TRY IT -
Return the data below exactly as given, except for the images.

COLLECTED DATA -
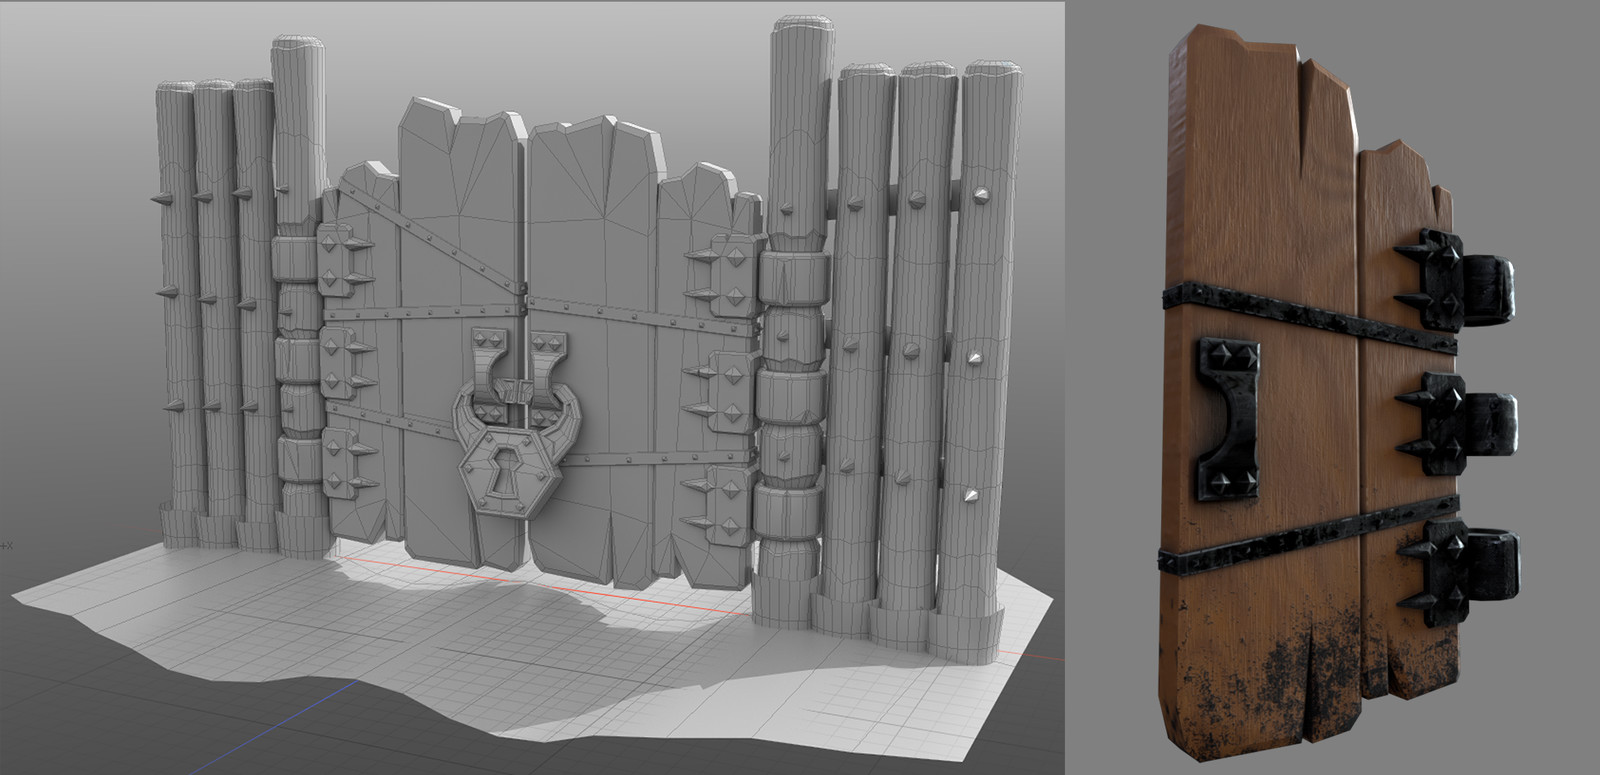 When I decided to texture this asset myself I needed to up the detail a bit. I also swapped out the ropes with metal strapping after doing some initial material tests.
Modeled in Modo.
Textured in Substance Designer.

RESULT -
 When I decided to texture this asset myself I needed to up the detail a bit. I also swapped out the ropes with metal strapping after doing some initial material tests.
Modeled in Modo.
Textured in Substance Designer.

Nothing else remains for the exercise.